*** DATASET Section Begins ***
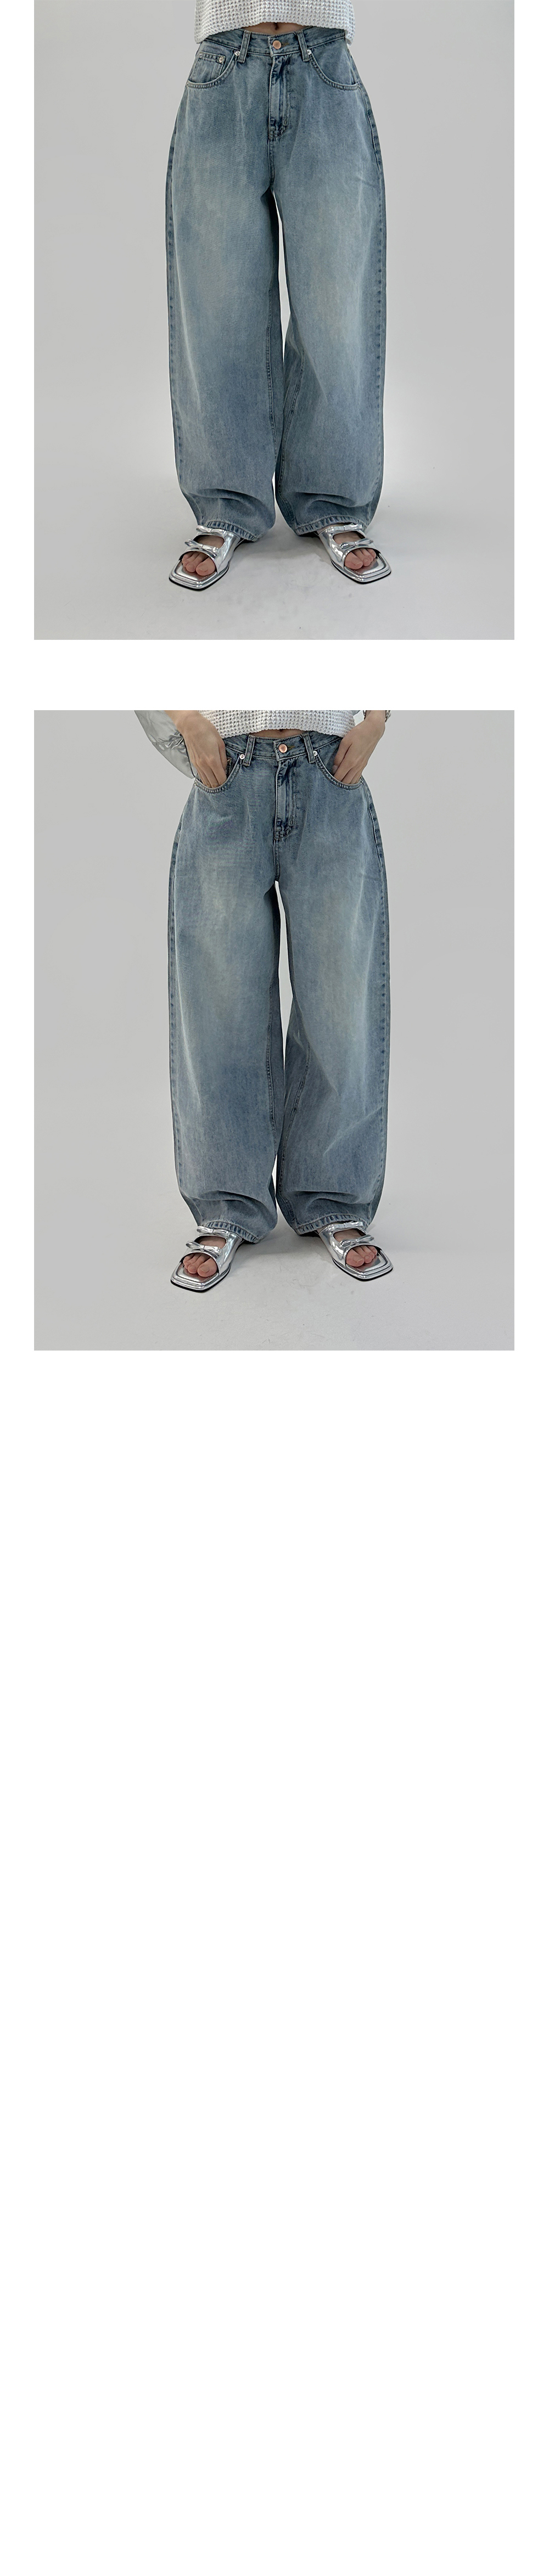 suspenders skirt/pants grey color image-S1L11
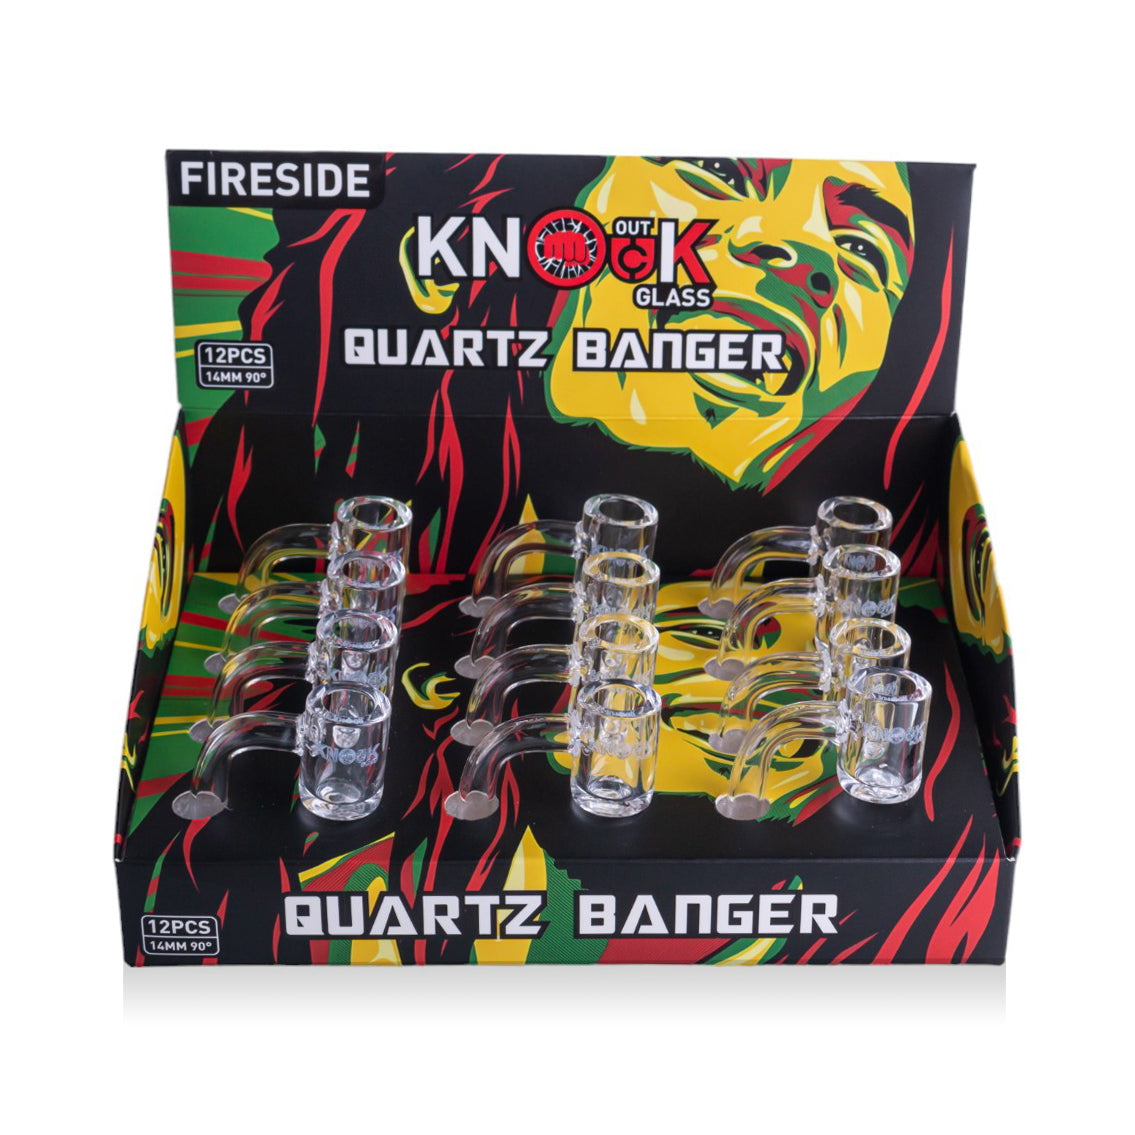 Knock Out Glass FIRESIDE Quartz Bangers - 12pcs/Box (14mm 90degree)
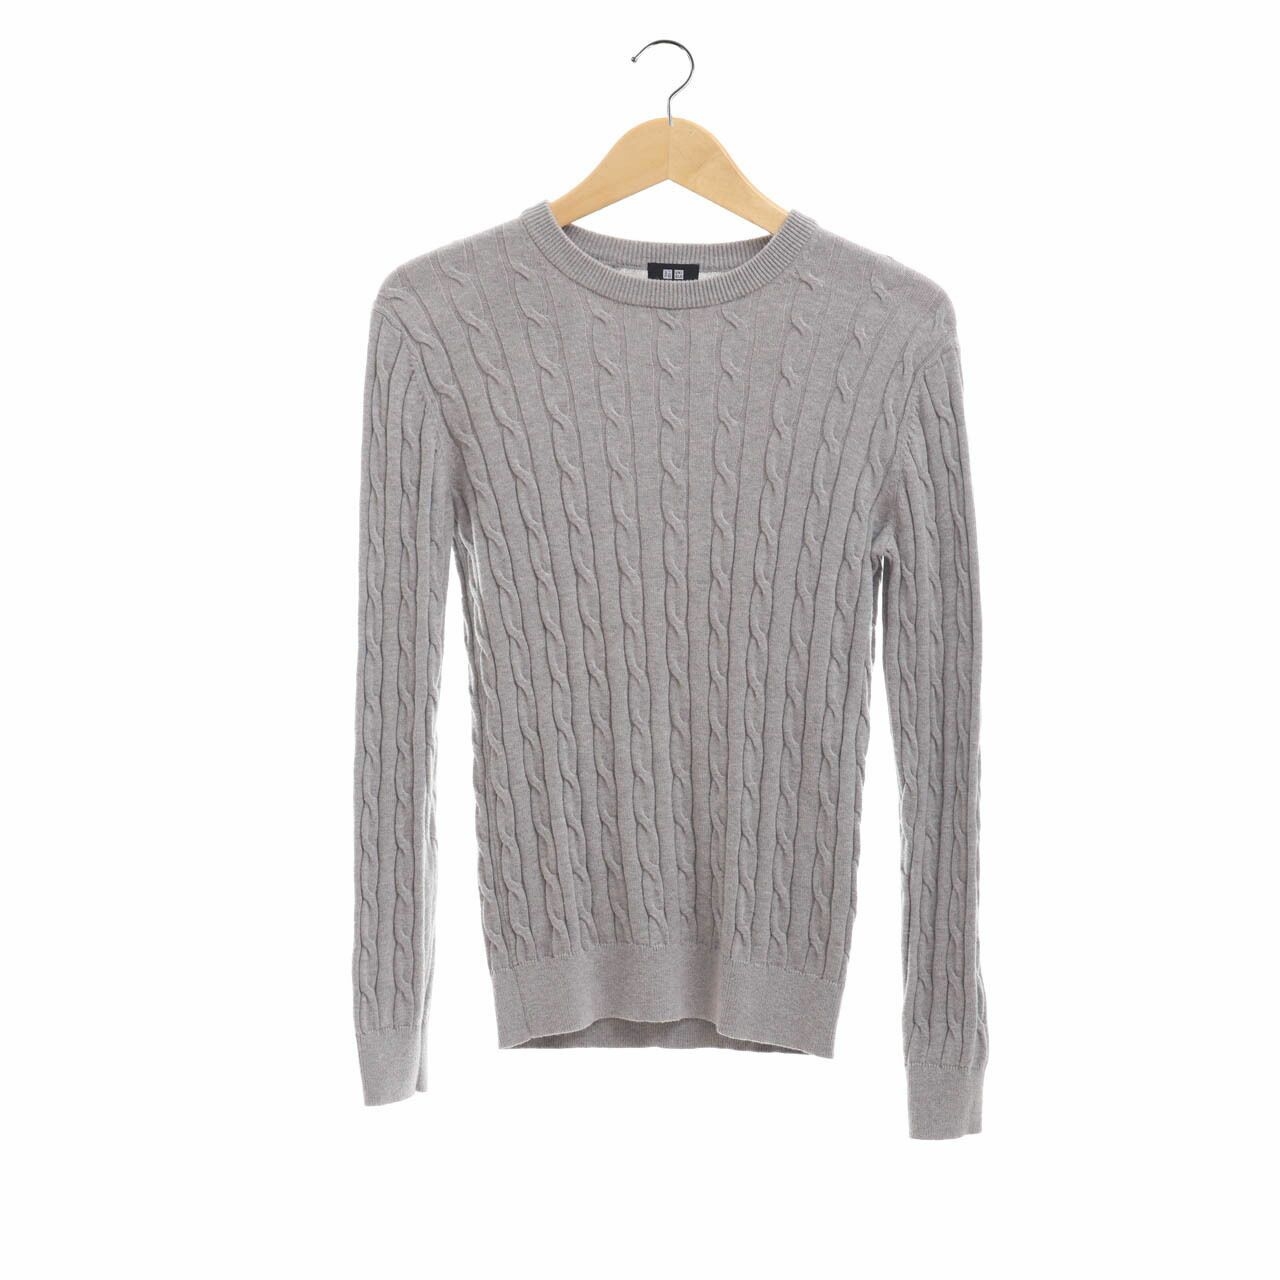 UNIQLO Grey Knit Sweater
*** DATASET Section Ends ***
*** DATASET Section Begins ***
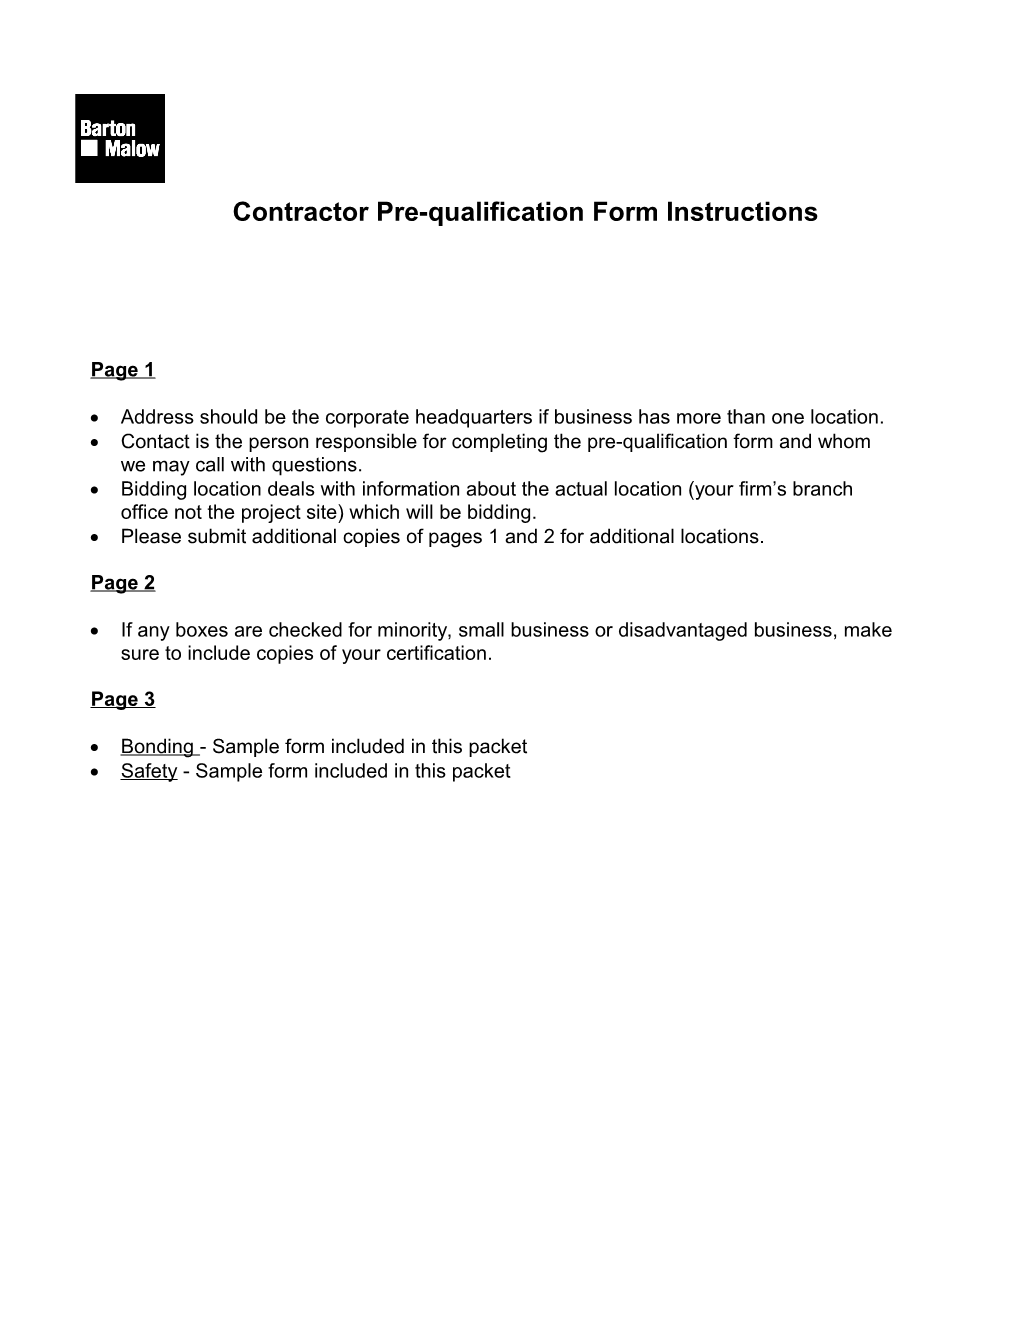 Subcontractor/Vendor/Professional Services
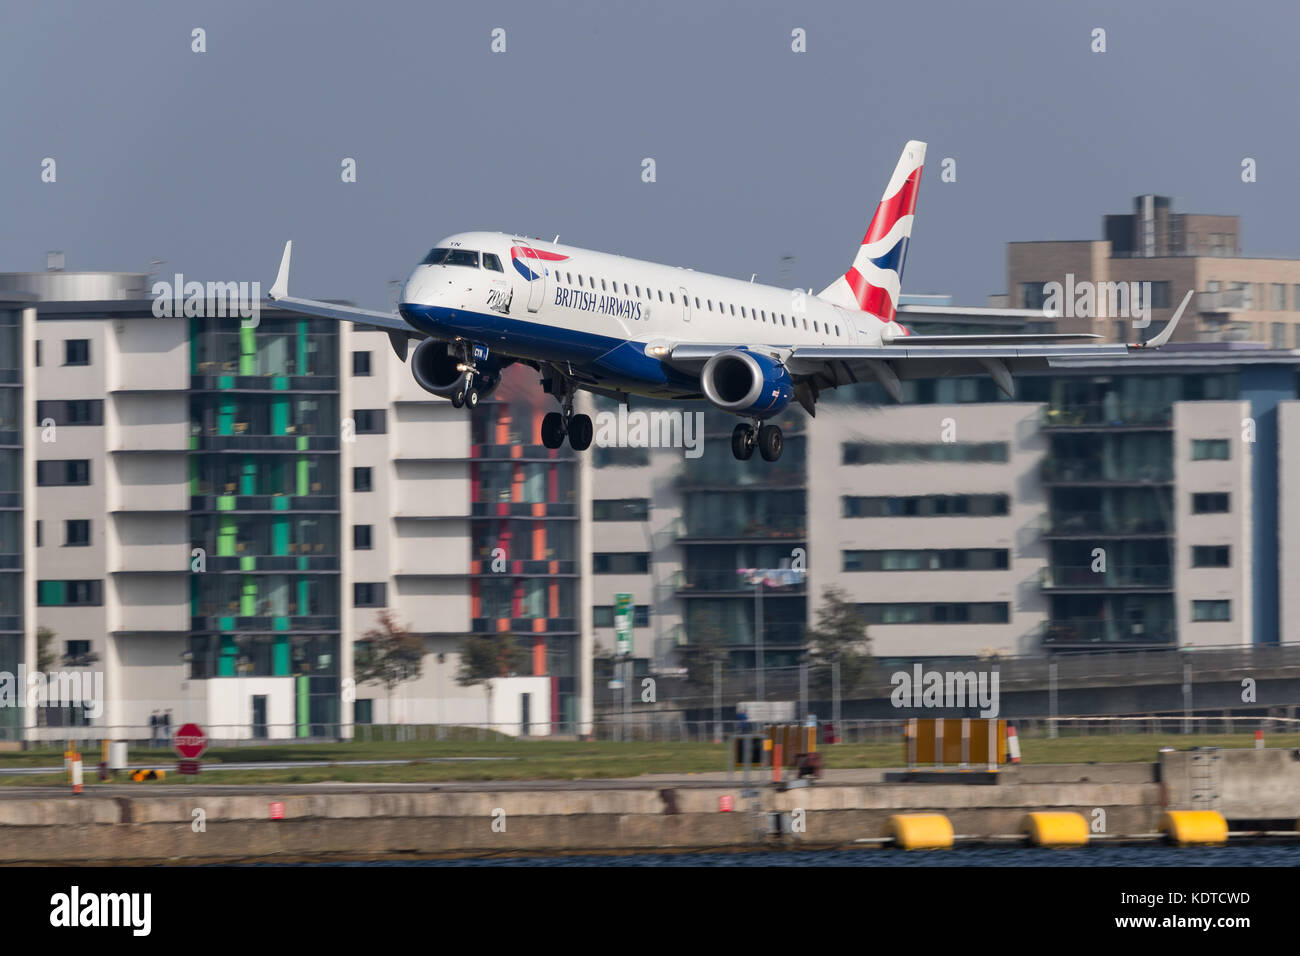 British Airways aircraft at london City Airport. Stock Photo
*** DATASET Section Ends ***
*** DATASET Section Begins ***
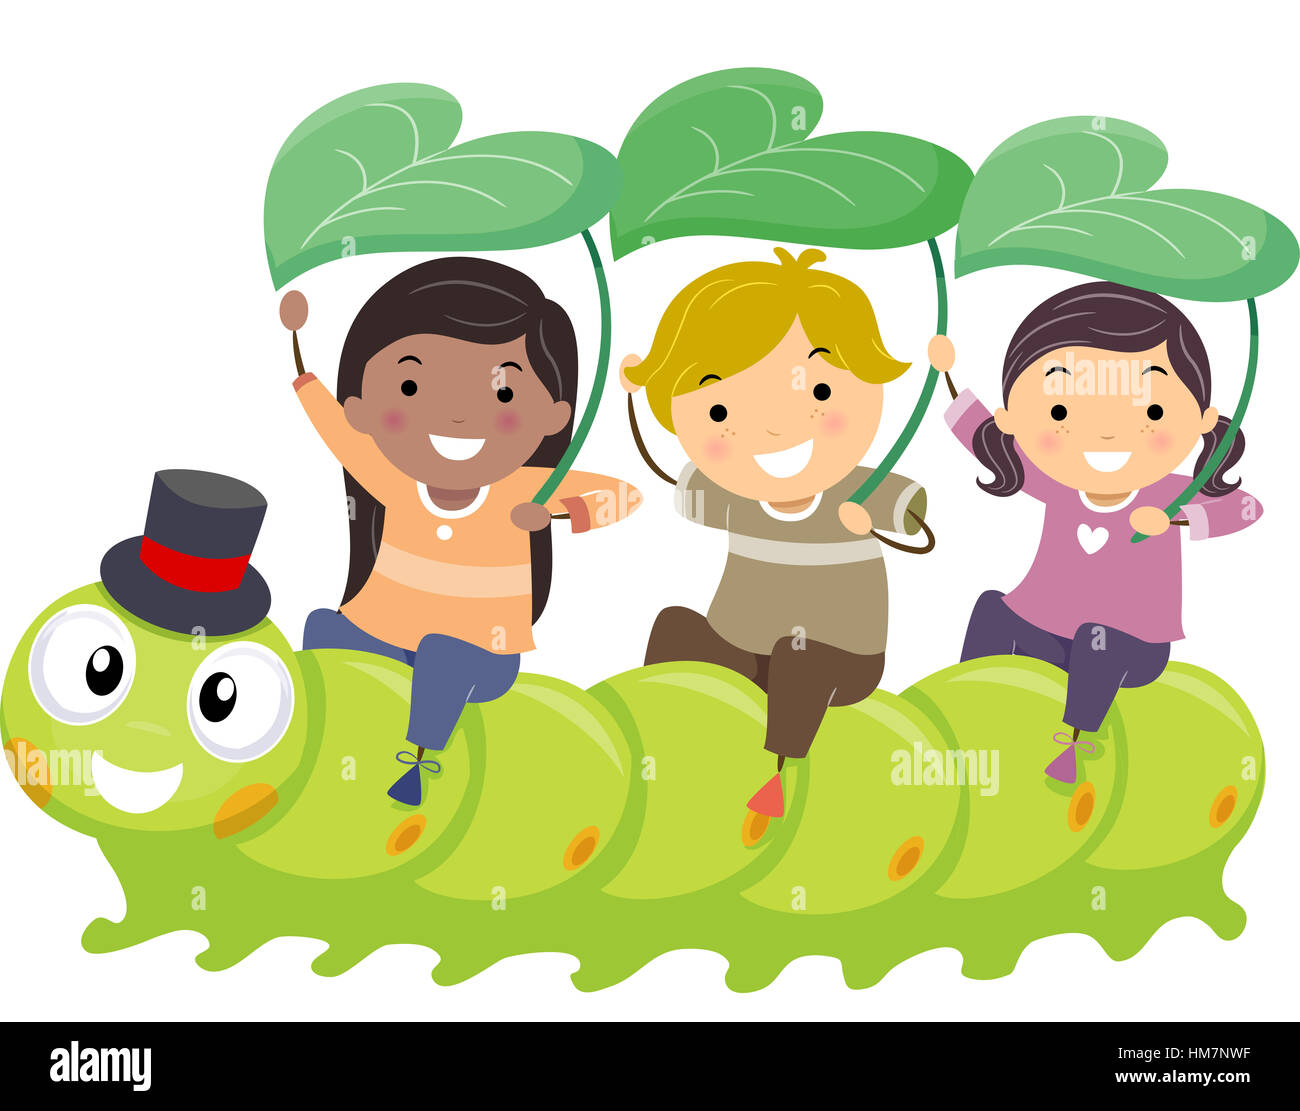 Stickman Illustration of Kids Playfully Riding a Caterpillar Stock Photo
*** DATASET Section Ends ***
* THE TASK:
Find the line with "Knock Out Glass" in the entries above. Set down exactly every line from it up to and including the line with "UNIQLO Grey Knit Sweater", images excluded.

* FINAL ANSWER:
 Knock Out Glass FIRESIDE Quartz Bangers - 12pcs/Box (14mm 90degree)
 UNIQLO Grey Knit Sweater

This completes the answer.